_WHAT YOU SHOULD DO:_
The whole listing needs retyping exactly; keep the pictures out of it.

_INFORMATION SUPPLIED:_
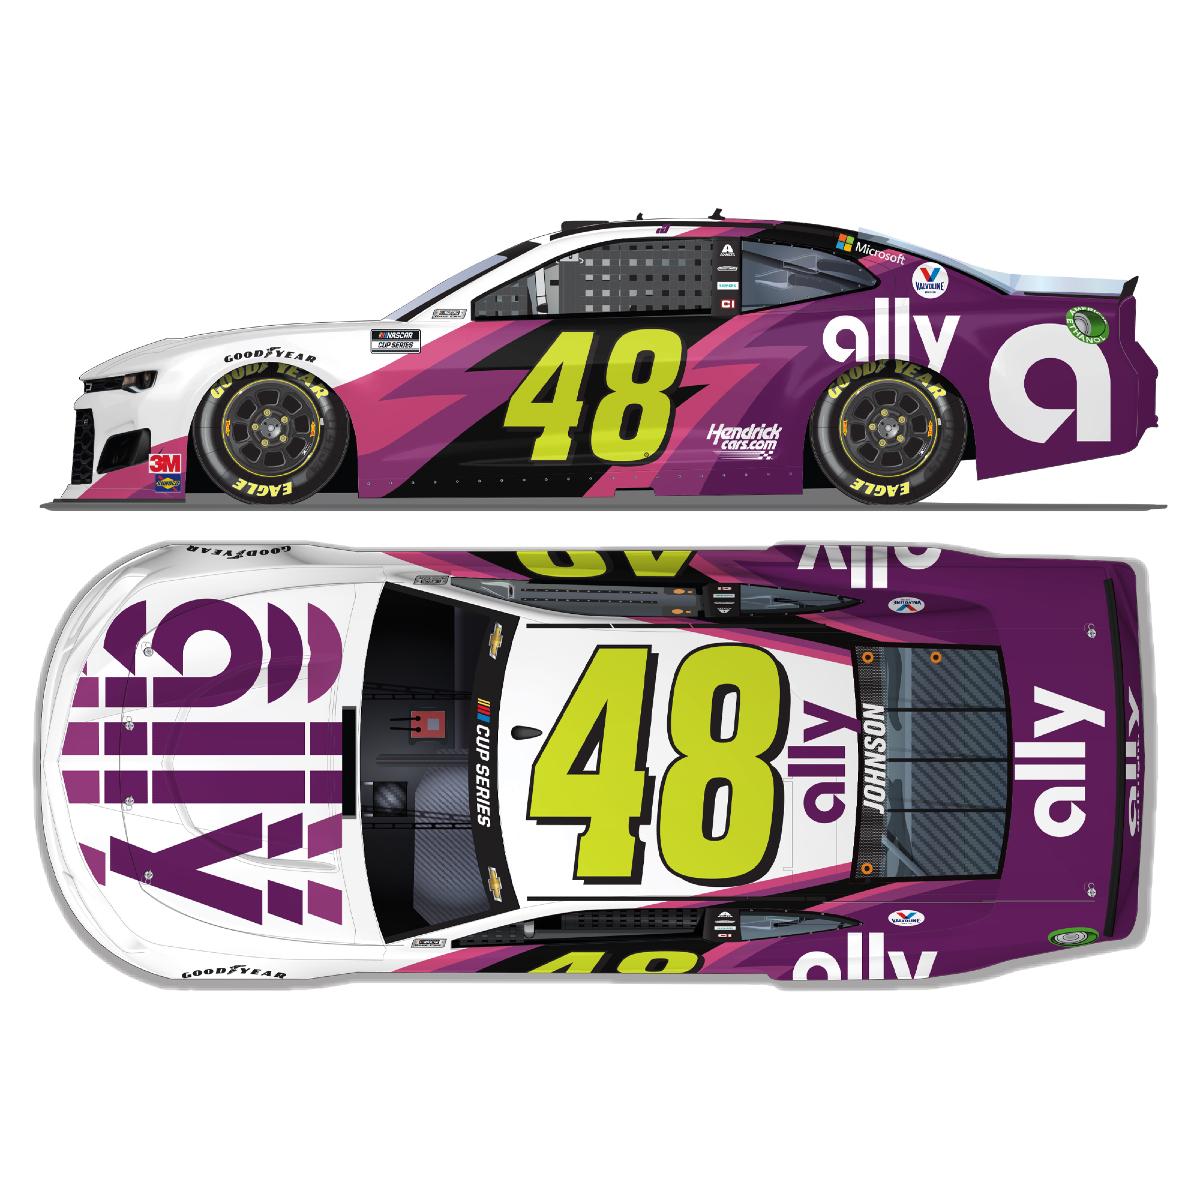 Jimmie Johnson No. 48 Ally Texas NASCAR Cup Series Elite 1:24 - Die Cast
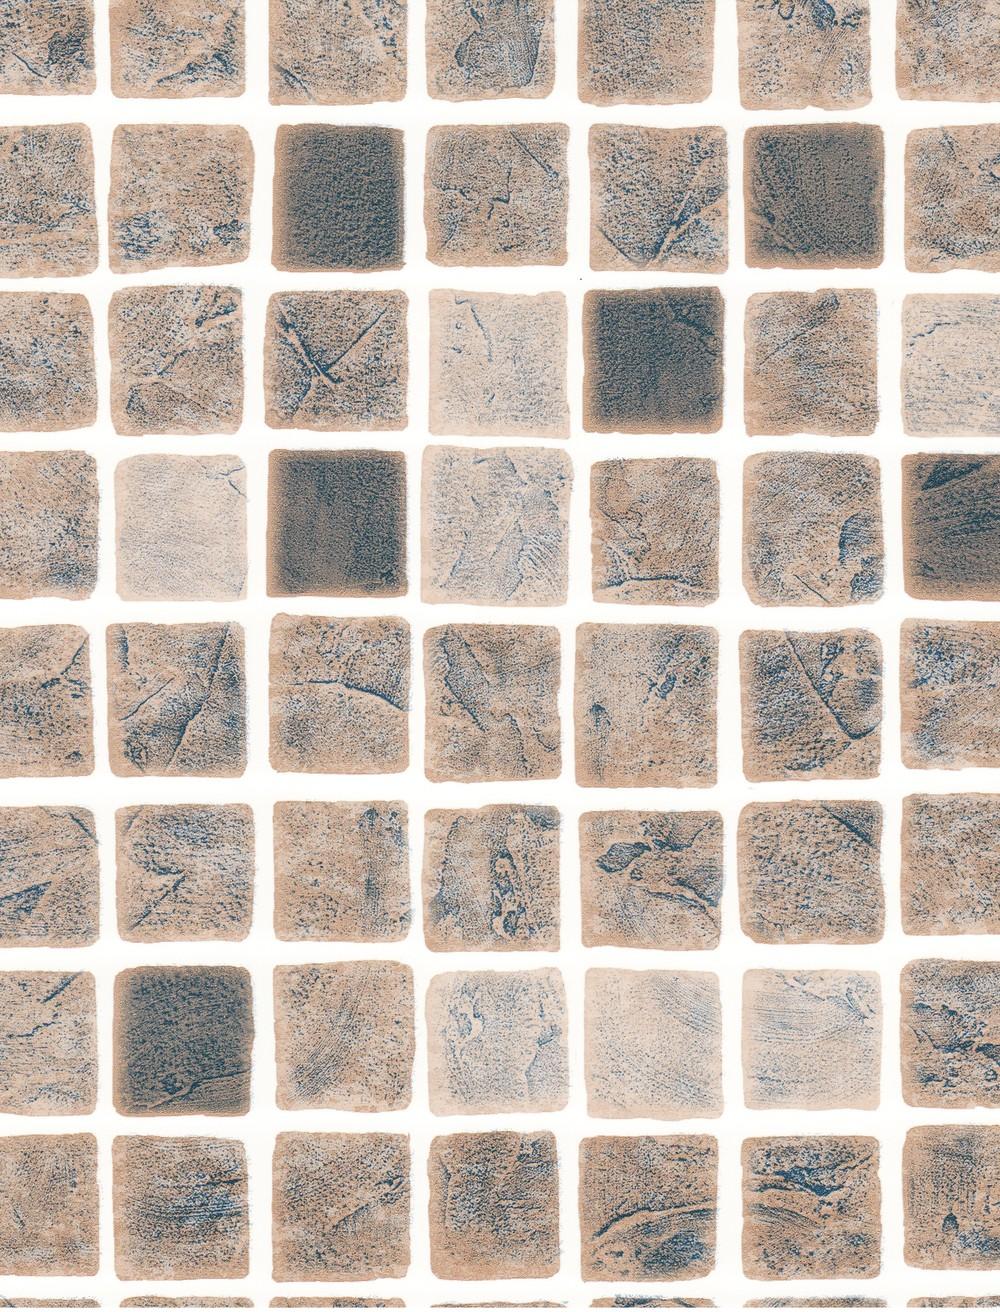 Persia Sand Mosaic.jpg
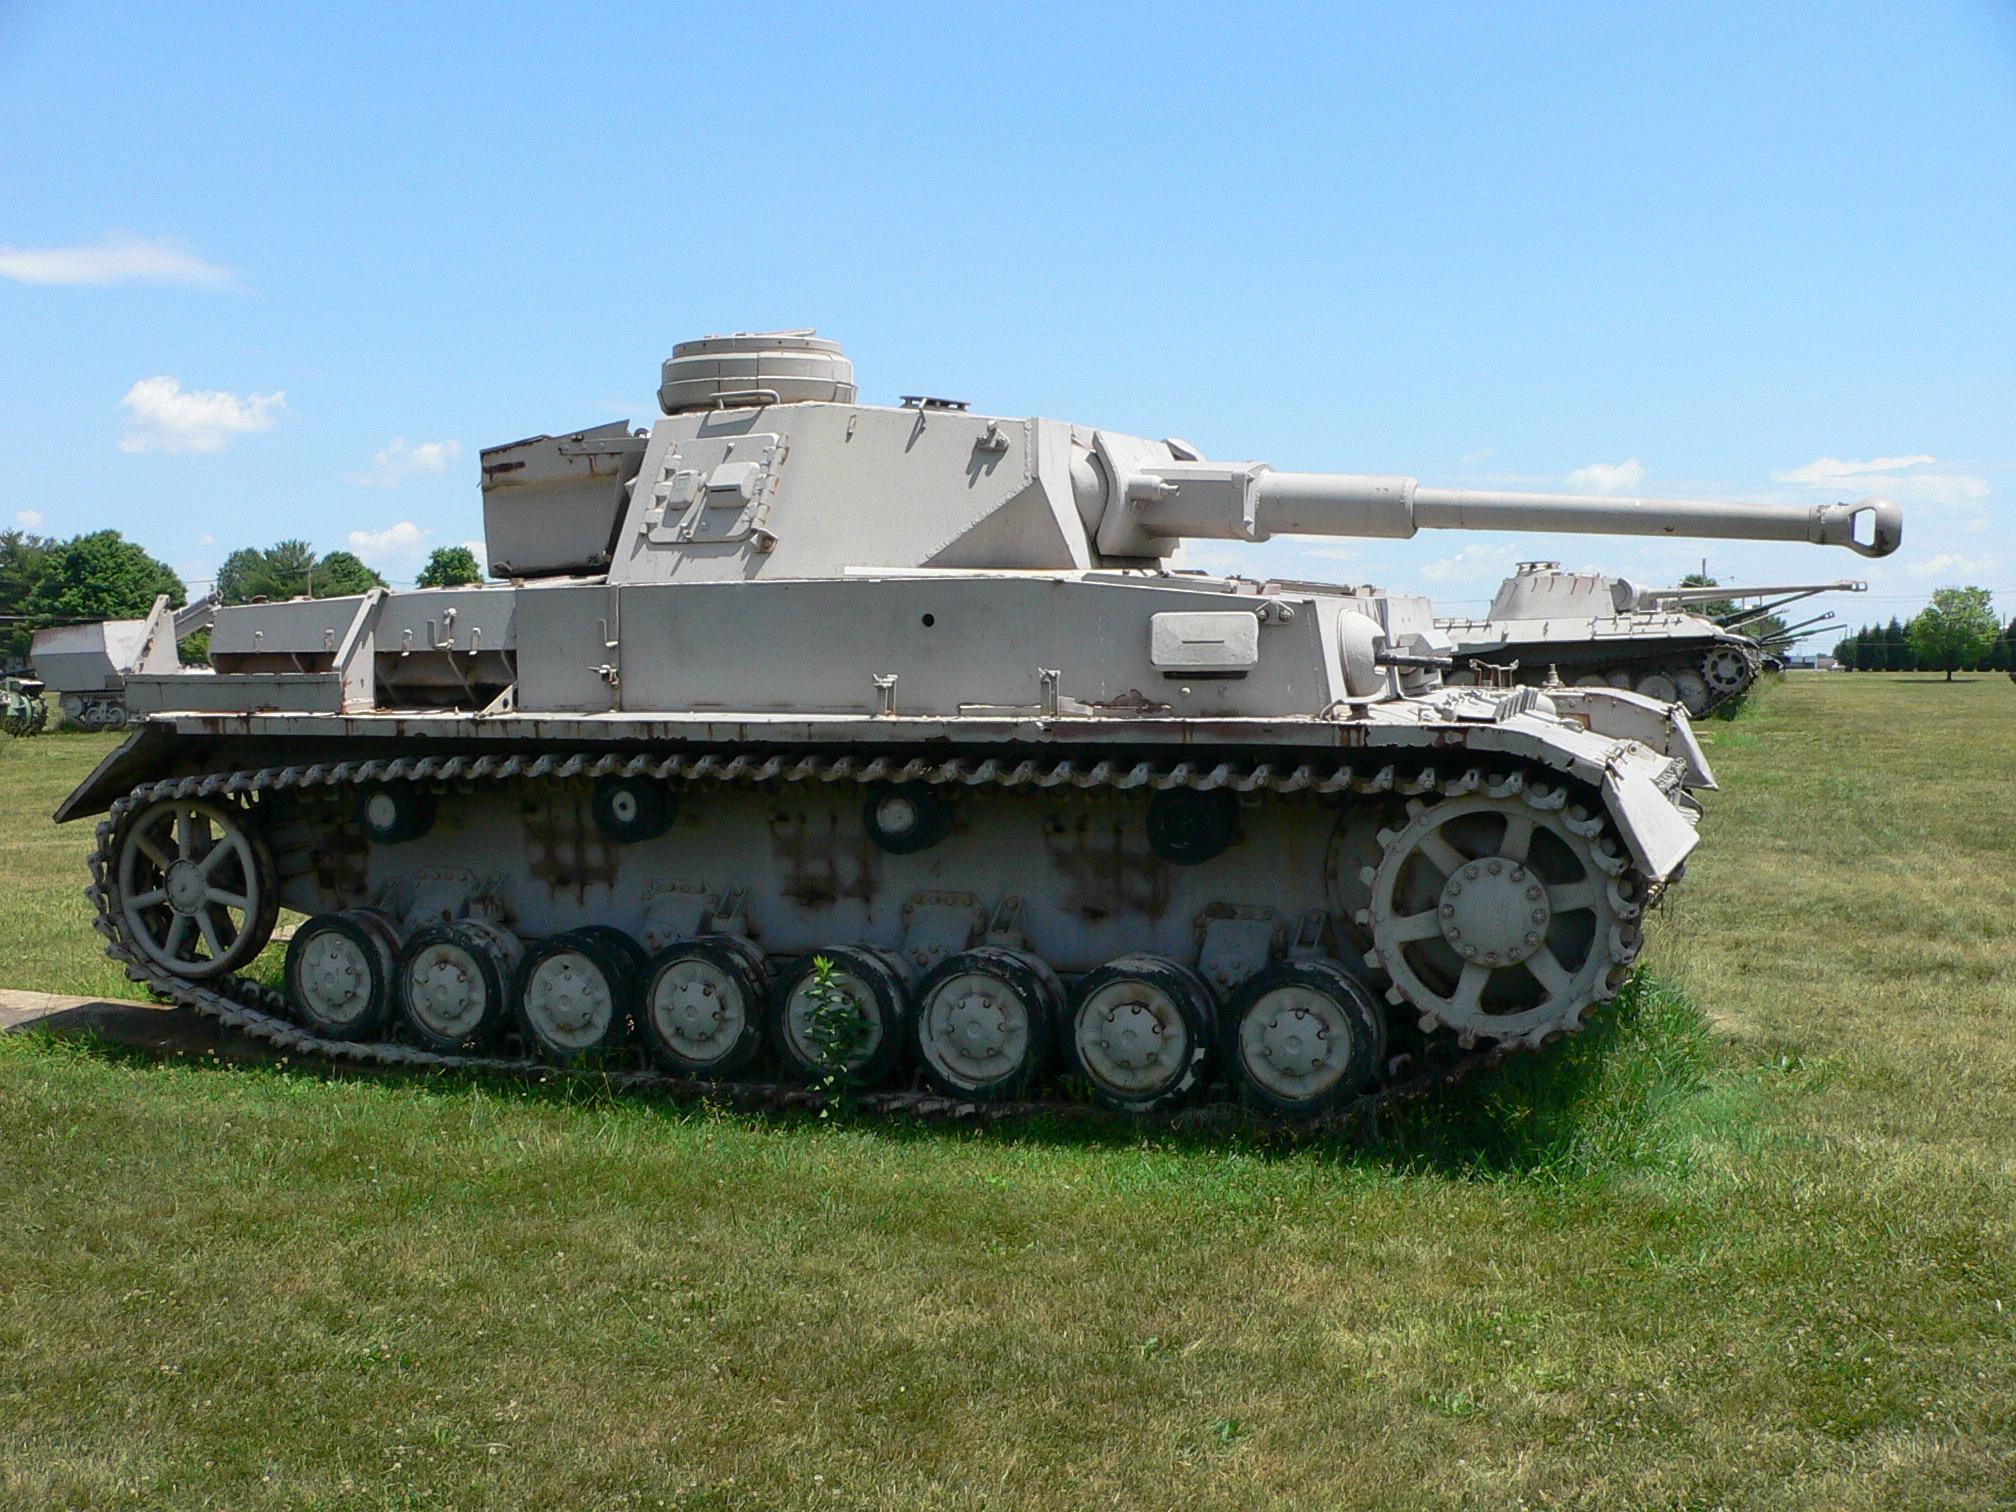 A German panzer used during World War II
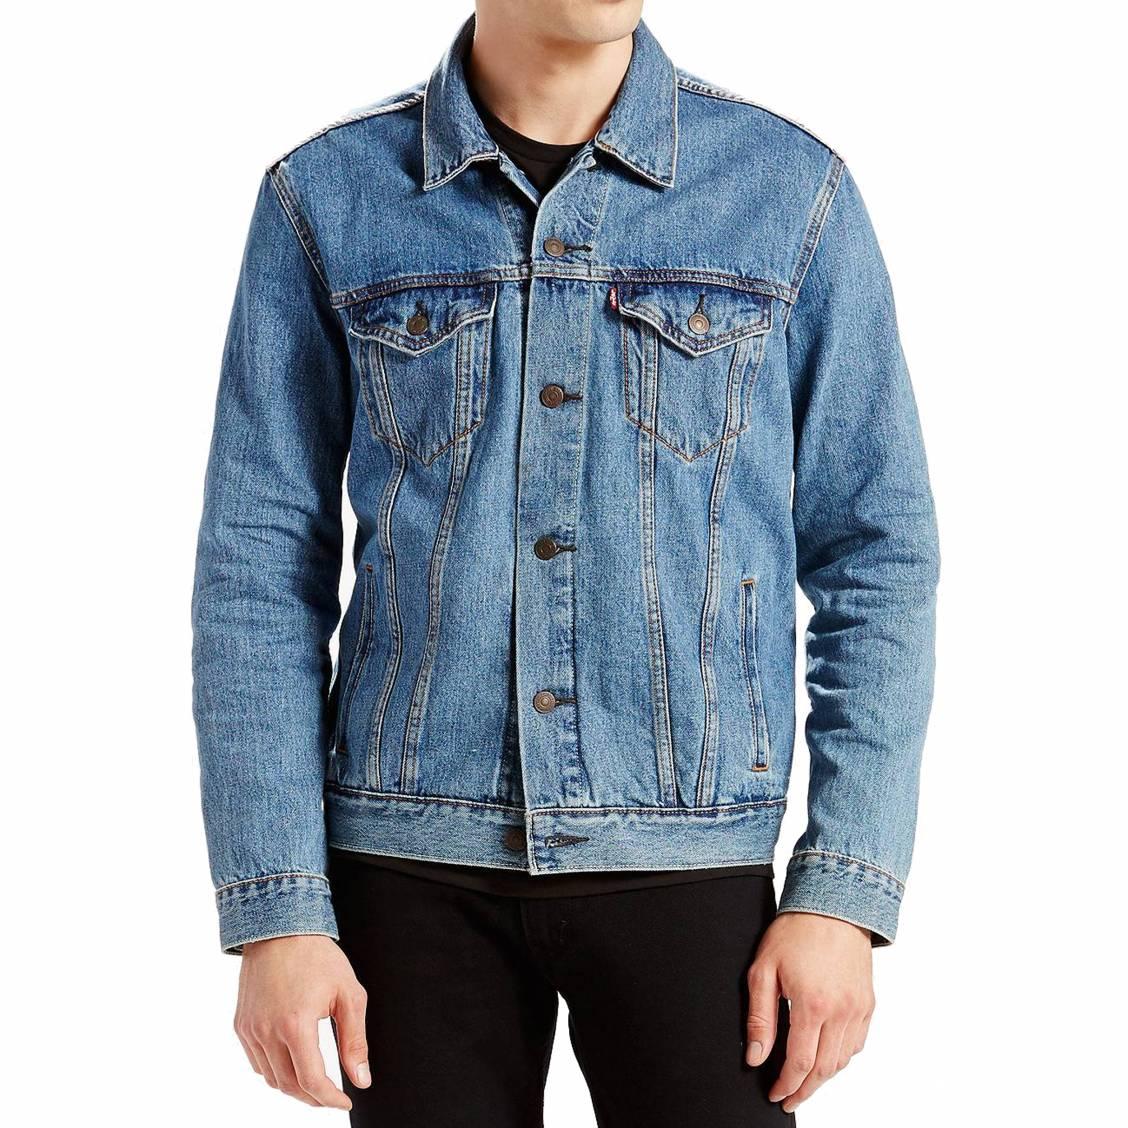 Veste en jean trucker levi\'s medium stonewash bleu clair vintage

_OUTPUT BELOW:_
 Jimmie Johnson No. 48 Ally Texas NASCAR Cup Series Elite 1:24 - Die Cast
 Persia Sand Mosaic.jpg
 A German panzer used during World War II
 Veste en jean trucker levi\'s medium stonewash bleu clair vintage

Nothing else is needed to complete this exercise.